* MATERIAL FOR THIS TASK
↓

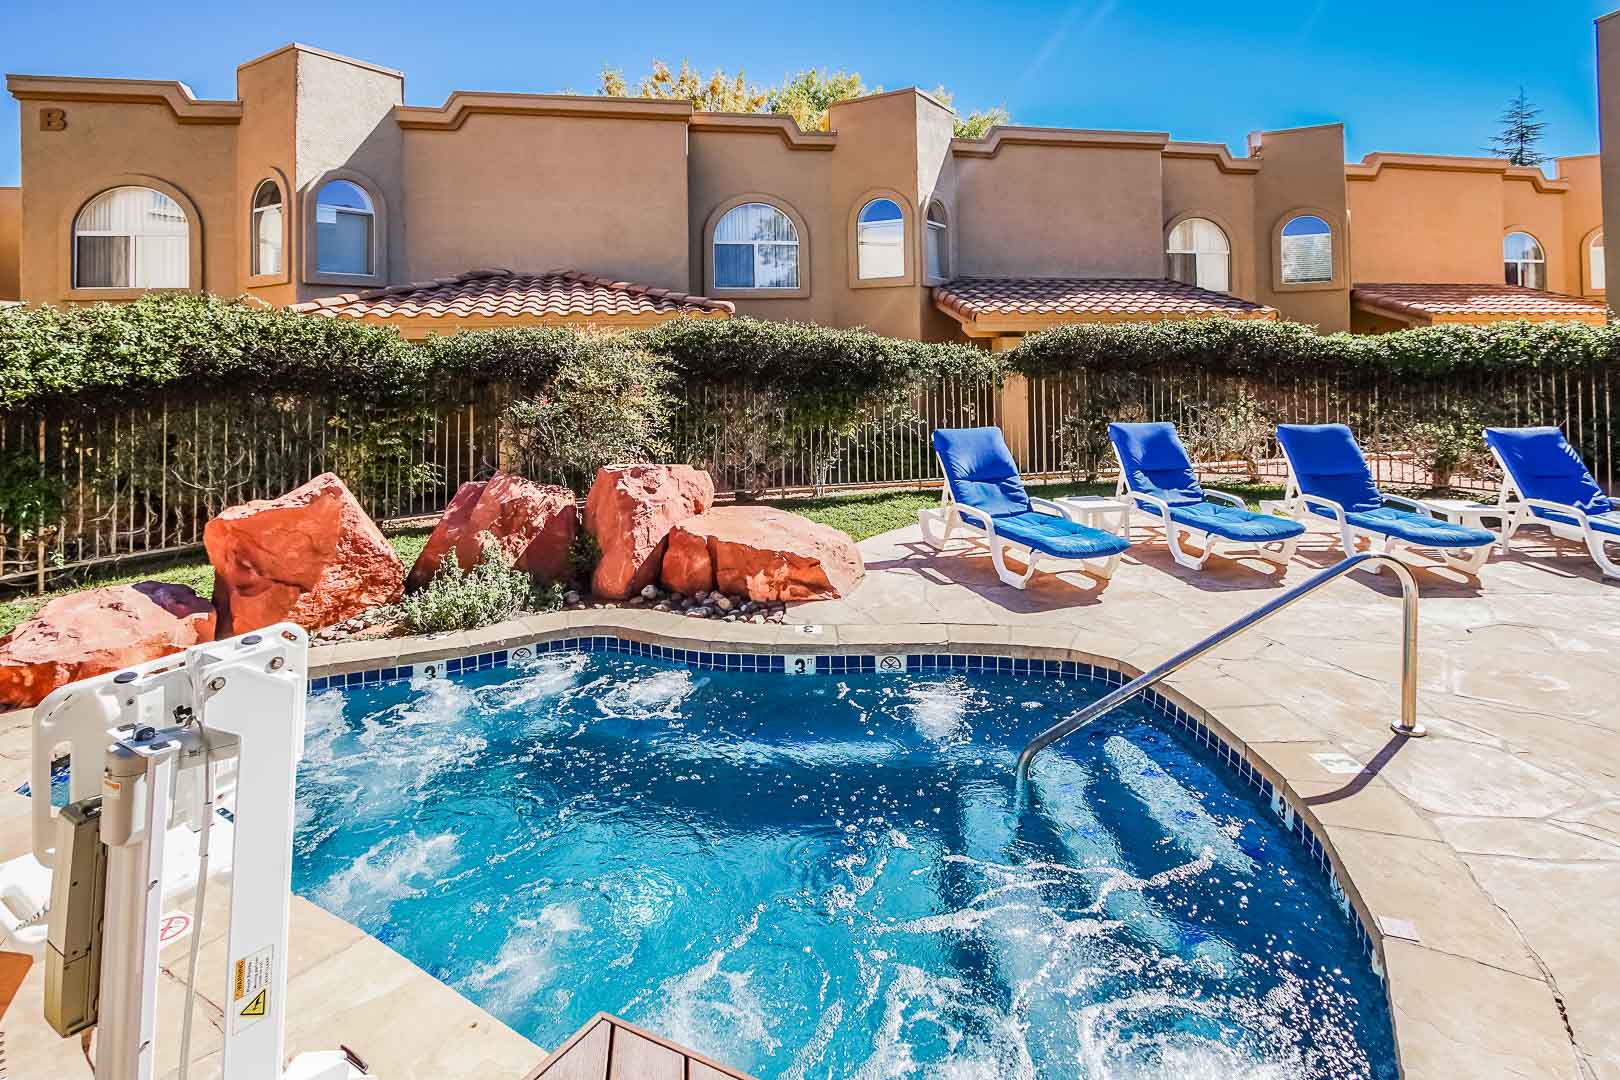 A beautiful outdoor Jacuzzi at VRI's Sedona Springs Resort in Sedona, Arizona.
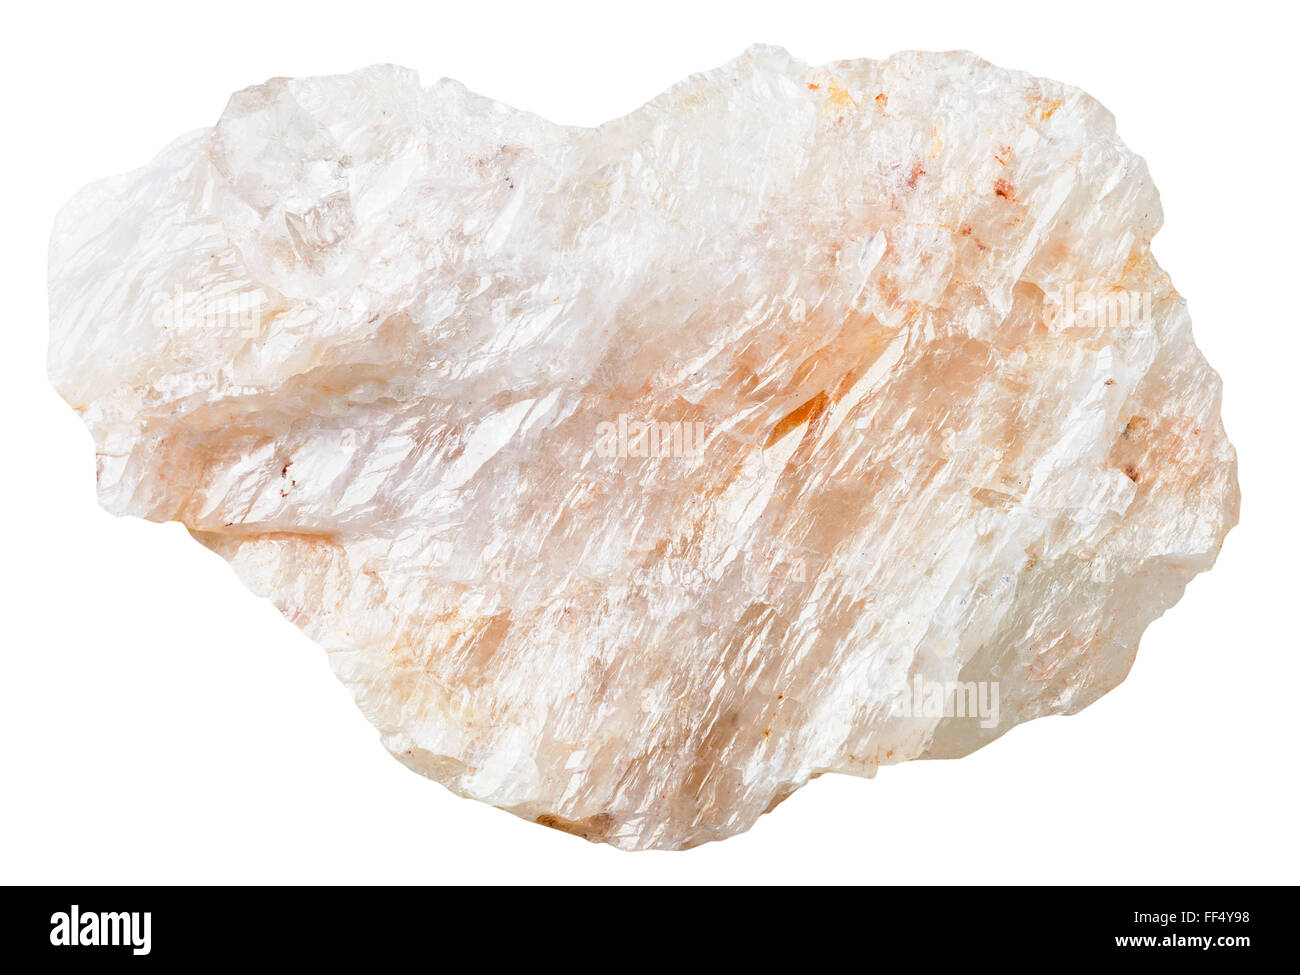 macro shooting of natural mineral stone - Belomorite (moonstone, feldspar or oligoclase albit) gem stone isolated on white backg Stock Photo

↑
↓

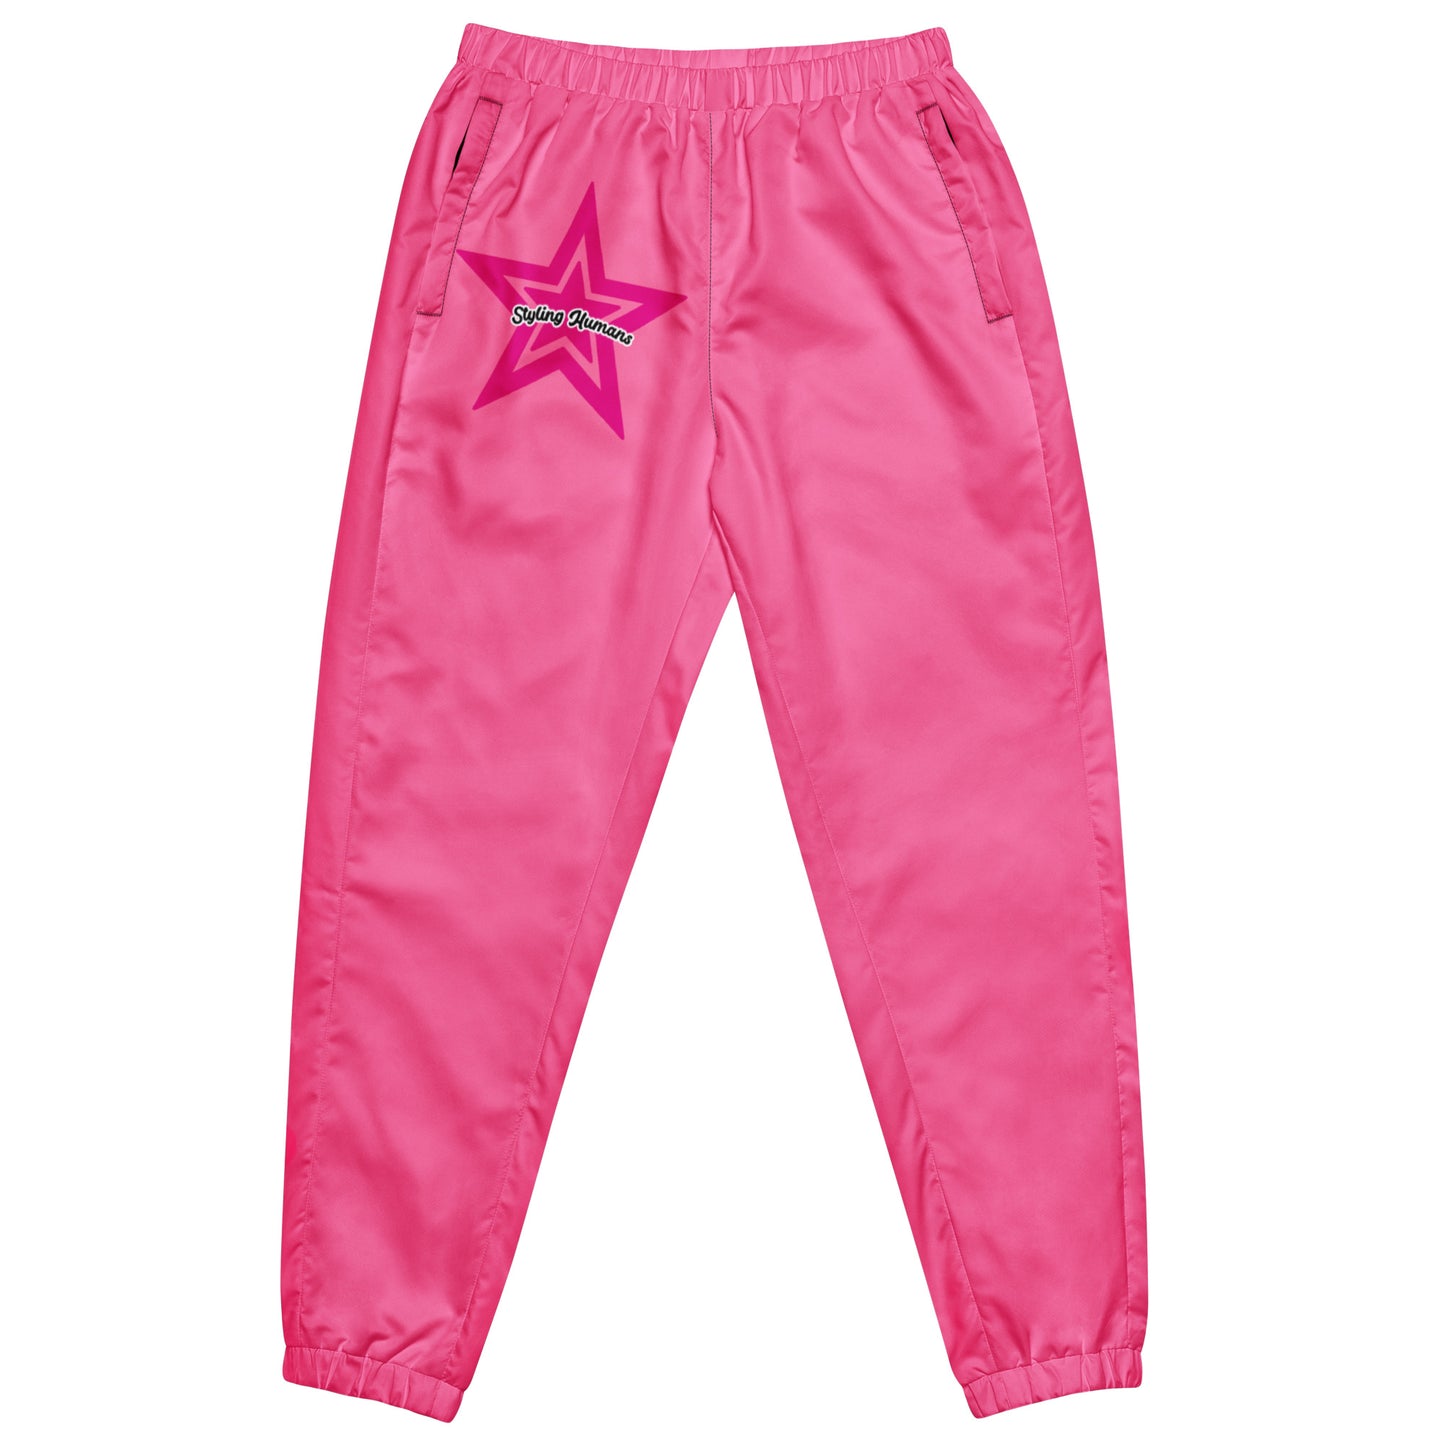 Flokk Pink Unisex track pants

↑
↓

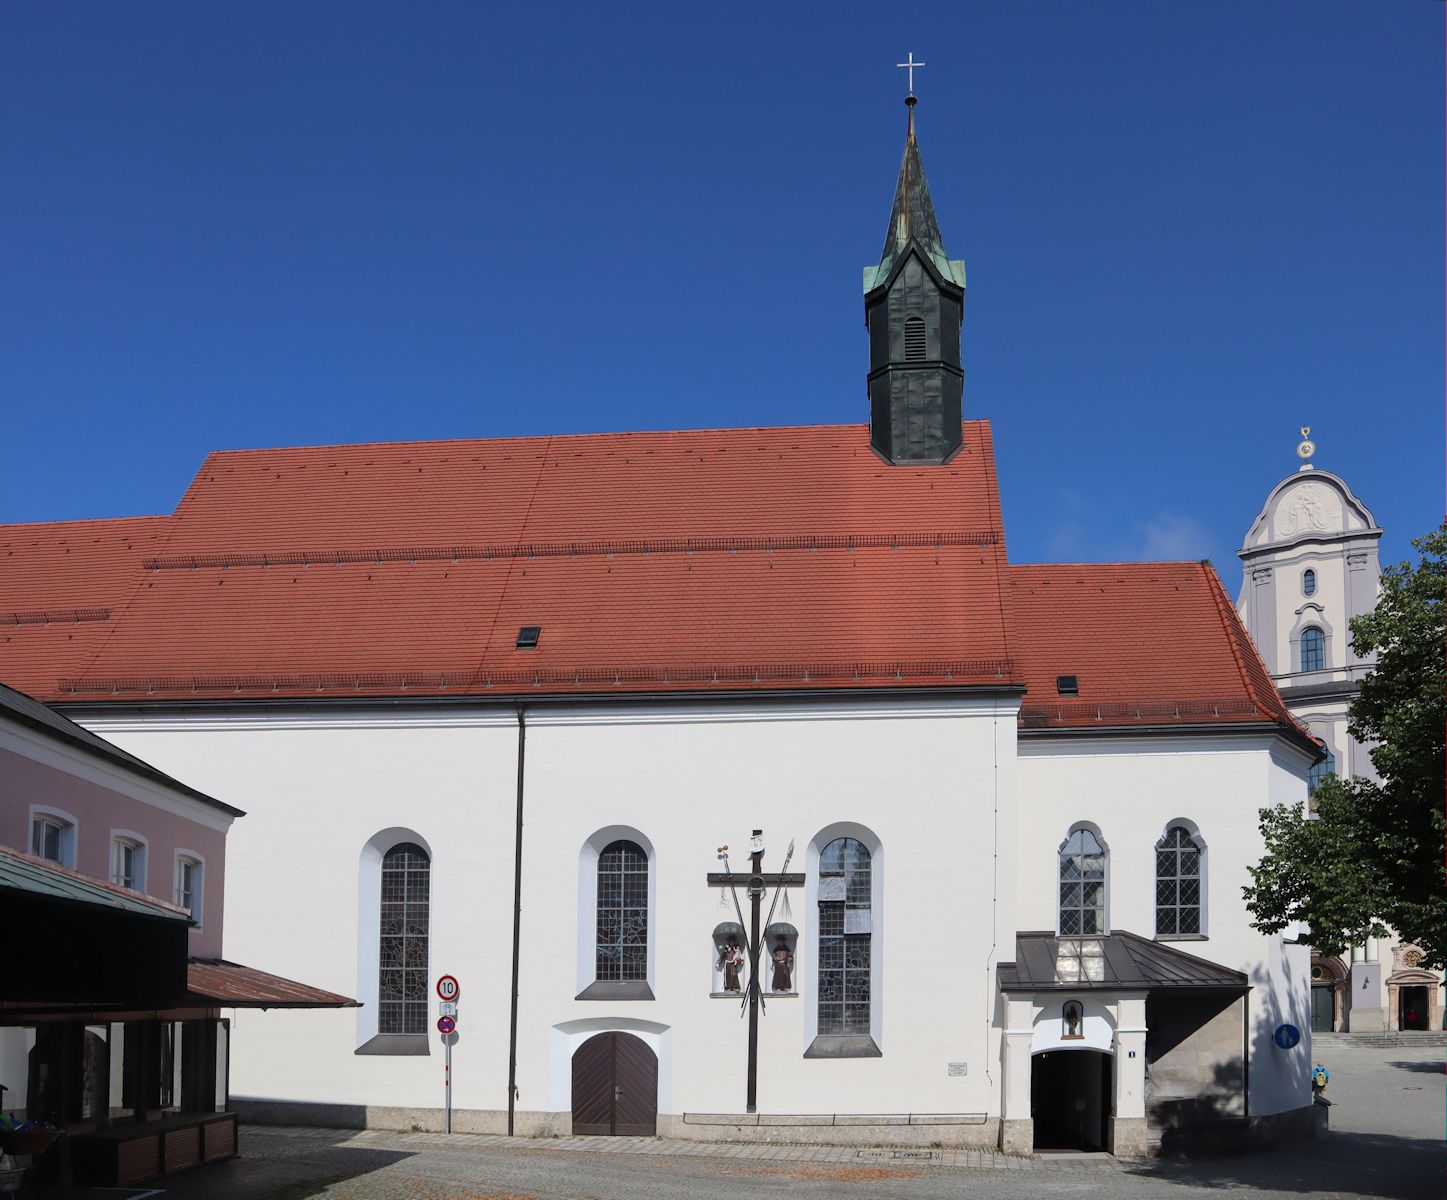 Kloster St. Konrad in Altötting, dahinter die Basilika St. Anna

↑

* ACTIVITY
From the records above, extract the lines from the one holding "A beautiful outdoor" through the one holding "macro shooting of", word for word; omit the pictures.

* ANSWER BOX
 A beautiful outdoor Jacuzzi at VRI's Sedona Springs Resort in Sedona, Arizona.
 macro shooting of natural mineral stone - Belomorite (moonstone, feldspar or oligoclase albit) gem stone isolated on white backg Stock Photo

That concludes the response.